Don Quixote and Sancho Panzo — illustration for "The Preface. In the Désobligeant," in Laurence Sterne's A Sentimental Journey through France and Italy, first published in 1768. Wood-engraving, 6.0 cm high by 10 cm wide, centre of p. 17. [Click on the image to enlarge it.]

Passage Illustrated

Knowledge and improvements are to be got by sailing and posting for that purpose; but whether useful knowledge and real improvements is all a lottery; — and even where the adventurer is successful, the acquired stock must be used with caution and sobriety, to turn to any profit: — but, as the chances run prodigiously the other way, both as to the acquisition and application, I am of opinion that a man would act as wisely, if he could prevail upon himself to live contented without foreign knowledge or foreign improvements, especially if he lives in a country that has no absolute want of either — and indeed, much grief of heart has it oft and many a time cost me, when I have observed how many a foul step the inquisitive traveller has measured to see sights and look into discoveries; all which, as Sancho Panza said to Don Quixote, they might have seen dry-shod at home.
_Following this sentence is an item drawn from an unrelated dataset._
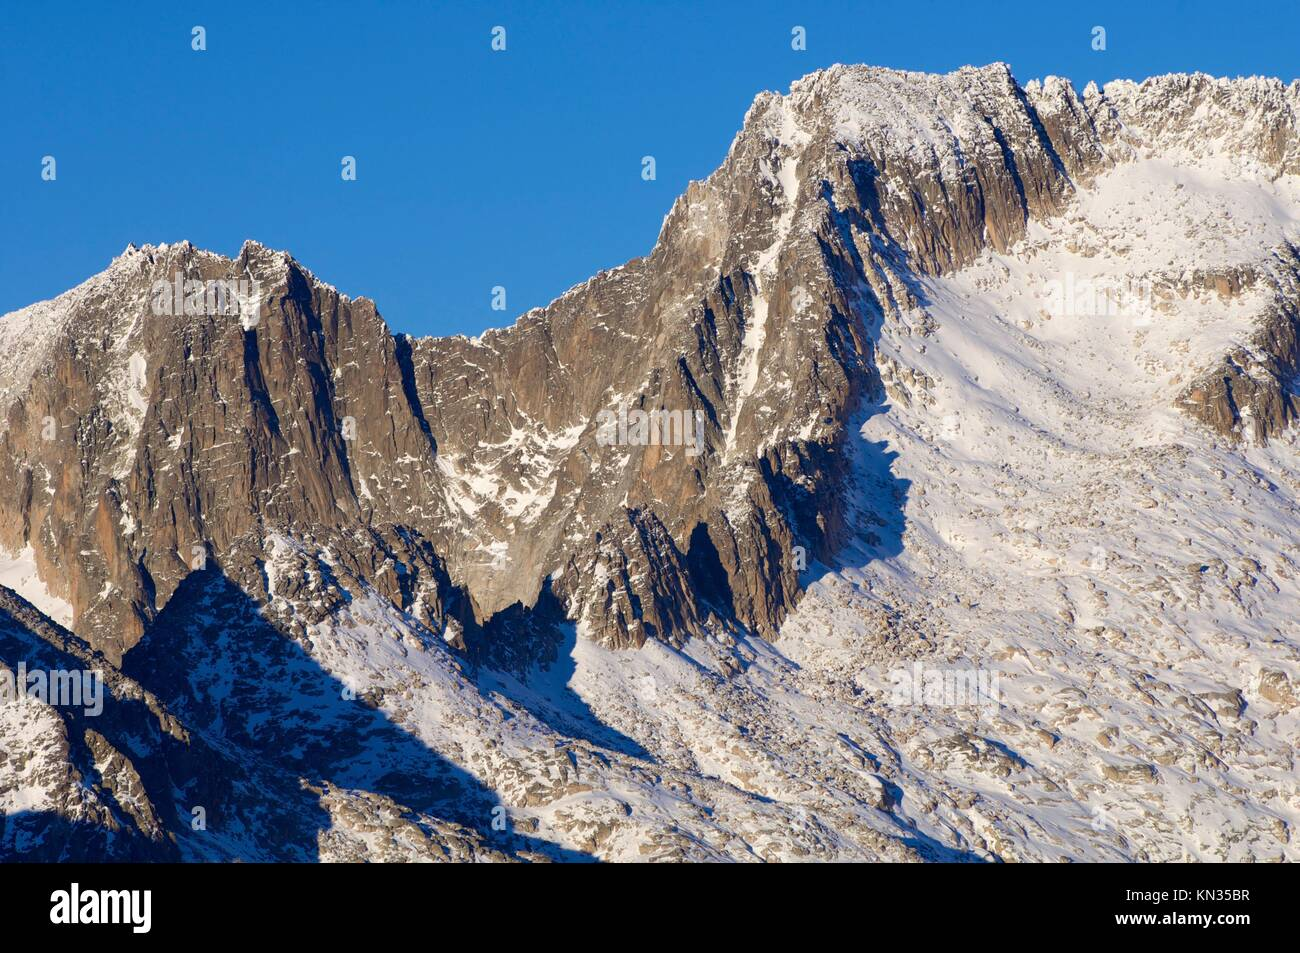 Maladeta Peak and Maldito Peak in the Maladeta Massif, Posets Maladeta Natural Park, Huesca, Aragon, Pyrenees, Spain. Stock Photo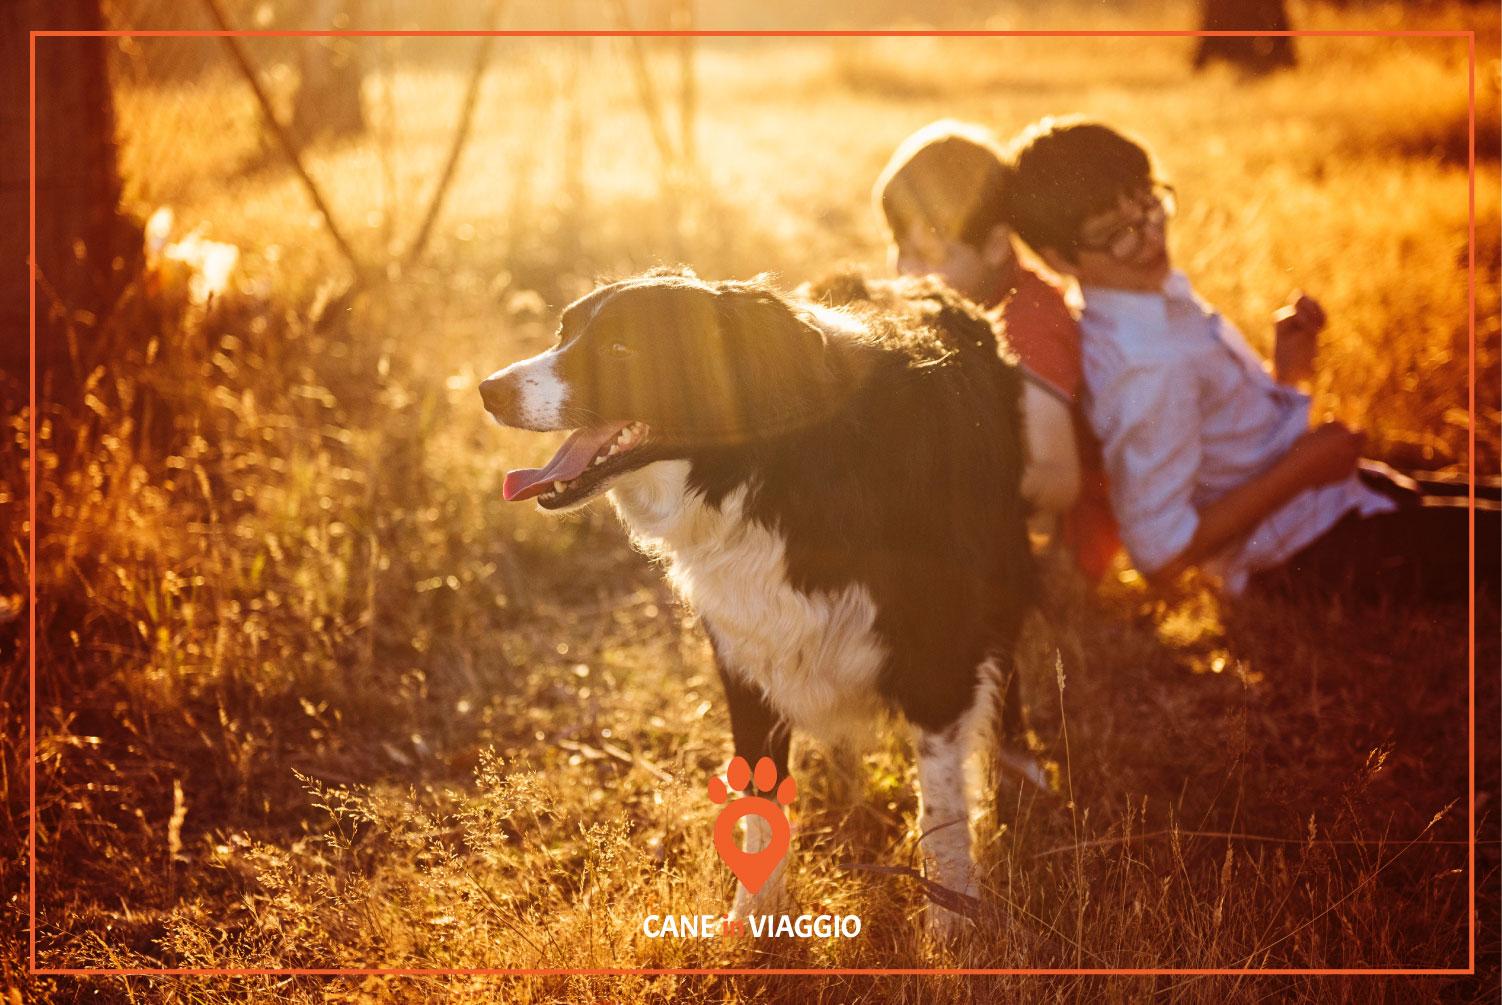 bambini giocano con un cane in un agriturismo

It is an age so full of light, that there is scarce a country or corner in Europe whose beams are not crossed and interchanged with others. ["Preface. In the Désobligeant," pp. 16-17]

Commentary

Although at his point, Yorick has the qualities of an ideallistic picaresque hero, he lacks the street-wise companion of Cervantes's Don Quixote, a deficit that Sterne will shortly address by introducing La Fleur. The illustrator, however, sees to have been interested in the implications of Sterne's describing Don Quixote and Sancho as having encountered difficulties on the Don's quest ("they might have seen dry-shod at home"), as he depicts the protagonist and his mount, Rosinante, on the ground, while Sancho and his ass safely observe the scene, and Sancho remarks that, in essence, travelling is a pointless activity. However, as Katherine Turner points out, “In fact, Sancho says this to his wife, not to his master: ‘if God would permit me to eat my bread, dry-shod at home, without dragging me over clifts and cross-paths . . . my joy would be more firm and perfect; whereas, that which I feel at present, is mingled with the melancholy thoughts of leaving thee, my duck’” (Don Quixote, II, i. 5. 450). [p. 67n2]

Bibliography

Sterne, Laurence. A Sentimental Journey through France and Italy. Illustrated with one hundred engravings on wood, by Bastin and G. Nichols, from original designs by Jacque and Fussell. London: Joseph Thomas, 1841.

Sterne, Laurence. A Sentimental Journey through France and Italy. With 100 illustrations by Tony Johannot. London: Willoughby, 1857.

Turner, Katherine. "Notes." Laurence Sterne's A Sentimental Journey through France and Italy (1768). Peterborough, ON: Broadview, 2010.